Con más de 15 millones de habitantes, la mayor ciudad de África es un torrente de humanidad. Sucia, caótica y ruidosa al tiempo que bella y espectacular. De primeras, la ciudad impresiona por su inmensidad.
Cairo recibe porrón y medio de visitantes cada año y eso se nota enseguida. Así, las zonas turísticas son eso, zonas para extranjeros. En ellas todo está cuidado, hay cientos de policías y los vendedores y demás egipcios que rondan por la zona saben hasta más de siete lenguas, incluidas joyas como “hola hola Pepsi Cola”, “un poquito de por favor” o “aquí más barato que en El Corte Inglés”. Pura fantasía que no tiene que ver con el resto de la ciudad.
Entre dichos lugares, destacan el Museo Egipcio, con sus momias que no vimos –la entrada a esa parte del museo, no incluida con la de la entrada, es más cara que la propia entrada al museo- y todas las jojoyas de Tutankamon, que murió con solo 19 años bien rodeado de sus cosicas. Asimismo, visitamos el barrio islámico (con la zona de tiendas exclusivas para turistas de Khan el Kalili), la ciudadela de la ciudad, con una mezquita en la cumbre que quita el hipo, el barrio de Downton y las orillas del Nilo.
Pero también vimos otras cosas. Zocos rebosantes de gente en las que había cientos de puestos de frutas y verduras –que la verdad que no tenían muy buena pinta-, pescados, montones de lana y cajas con patos y conejos juntos –incluido un pato que se estaba comiendo a un conejo a picotazos-; edificios preciosos a la par que ruinosos; andamios enormes hechos de madera; burros y carretas por doquier. Todo ello se encontraba entre autobuses, coches, motos, bicicletas, carros y todo aquellos que se pueda mover con ruedas.
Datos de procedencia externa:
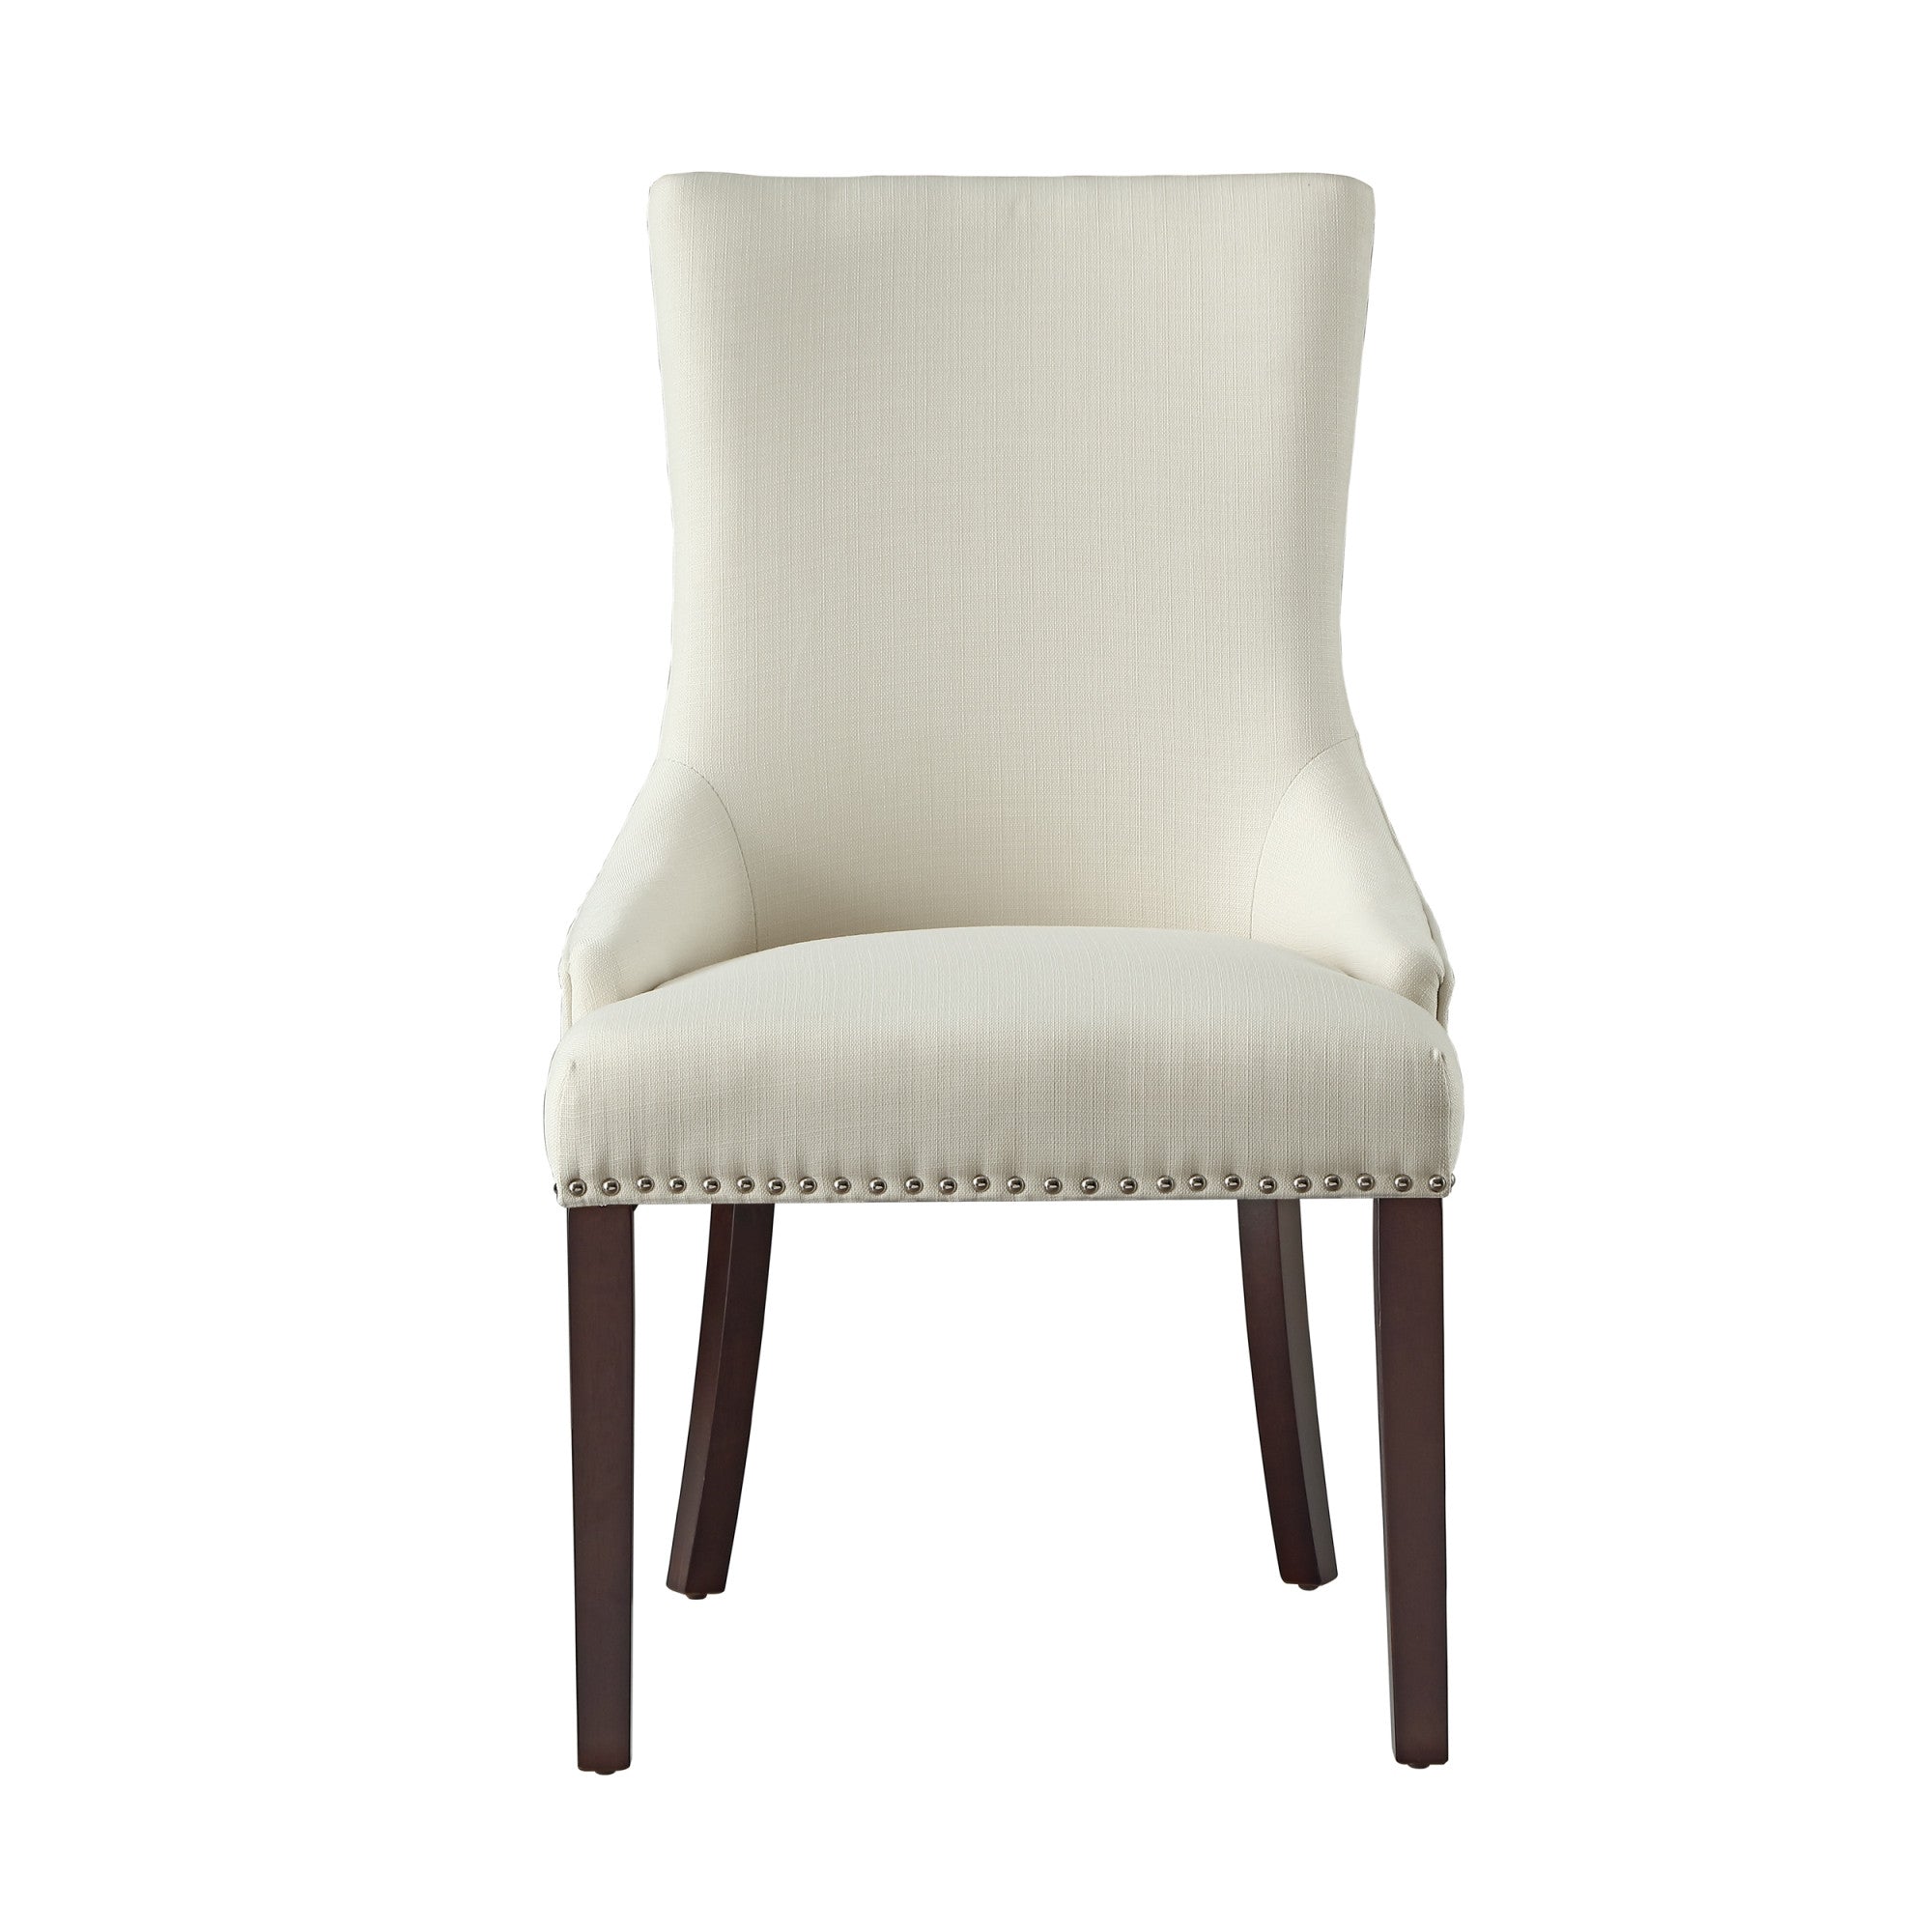 Set of Two Tufted Cream and Espresso Upholstered Linen Dining Side Chairs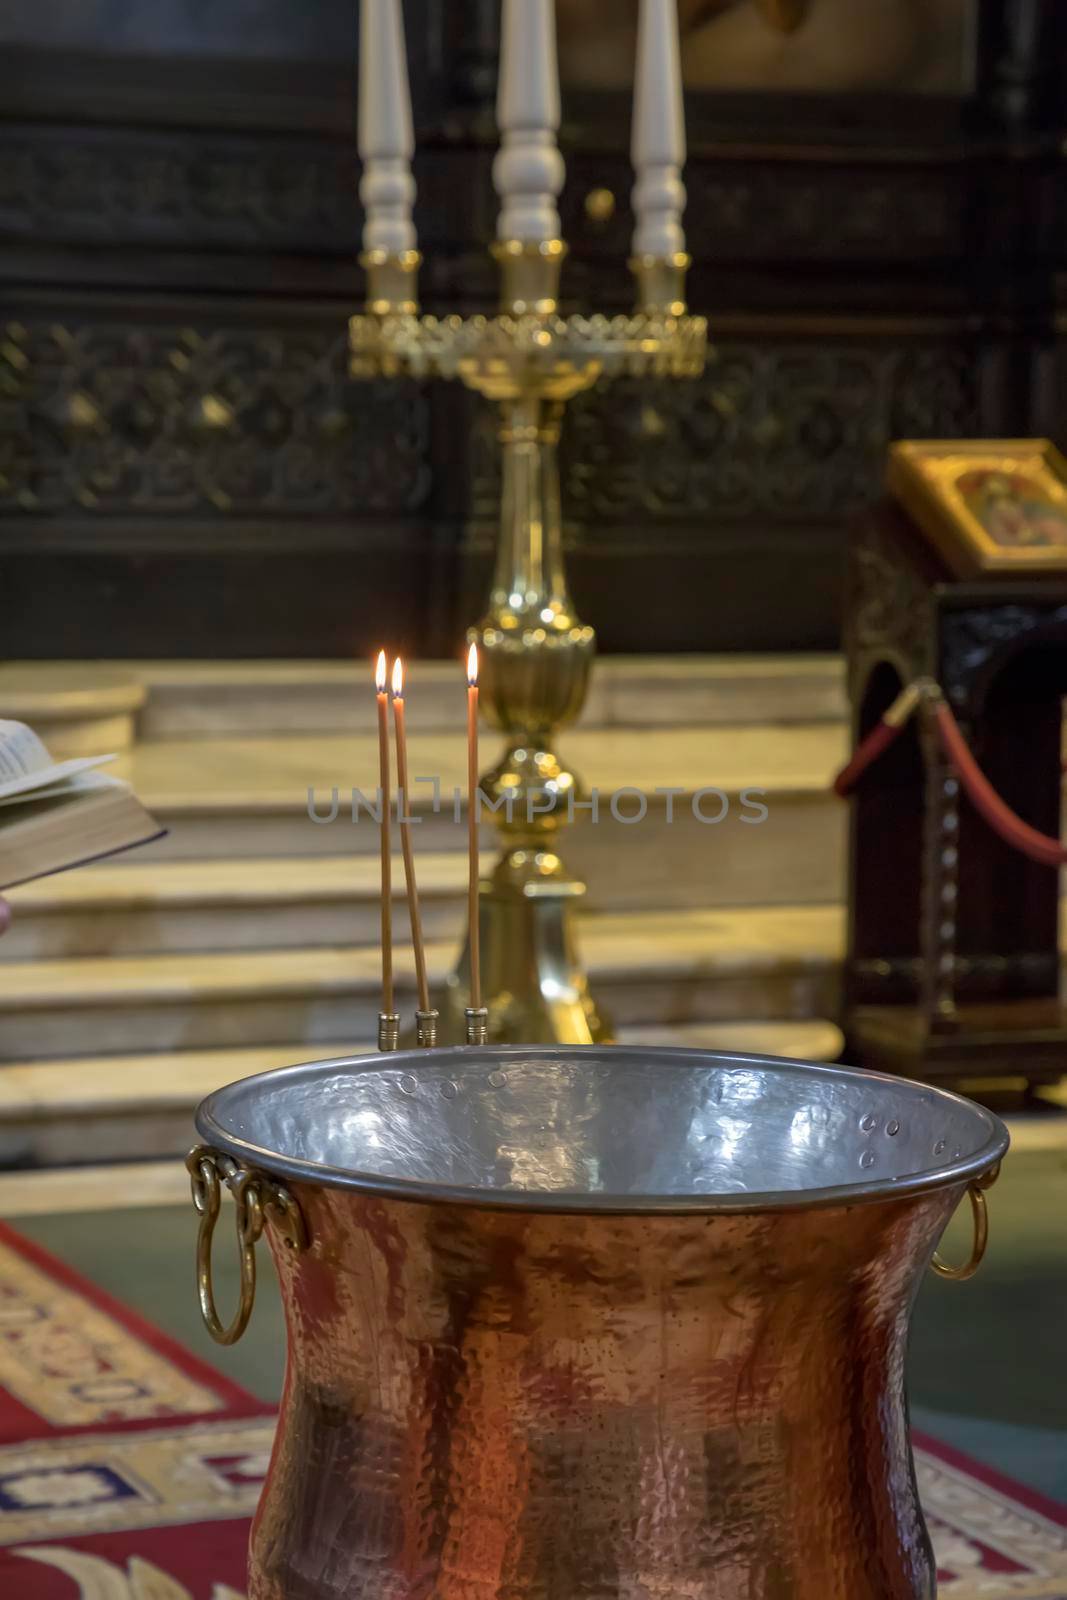 Christening in the church. Church utensils in the Orthodox church. A big bowl of water for the baptism of a baby with wax candles.

Hablamos con unas niñas de lo más saladas, nos movimos en metro*, comimos kushari (el plato nacional egipcio), bebimos cerveza helada y visitamos la mezquita de Al Azhar, una de las más antiguas del Islám que fue sede de la universidad más antigua del mundo islámico (ahora la universidad se encuentra al lado pero en otro recinto, y en esa no nos dejaron entrar). Además, vimos la mayor cantidad de mujeres veladas con niqab (velo negro que solo deja a la vista los ojos) en casi año y medio por Oriente Medio.
Eso sí, si algo nos dejó alucinados, fueron las marcas de rezar que muchos de los hombres tenían en la cara. Era algo así como una verruga marrón gigante en el medio de la frente. Tras pensar que se podía tratar de una enfermedad local o algo así, recordamos un comentario que una vez nos hizo un amigo, que no era otro que en Egipto se veía a un montón de gente con las marca de rezar mucho en la cara. Y hete que ahí lo teníamos. La verdad que impresiona, y no soy capaz de imaginar la de veces que uno tiene que apoyar la cabeza en el suelo para que le salga semejante Alien. Creemos que todo esto tiene su función de hacer ver al resto lo piadoso y devoto que es uno, y es que aquí muchas veces las apariencias cuentan más que nada.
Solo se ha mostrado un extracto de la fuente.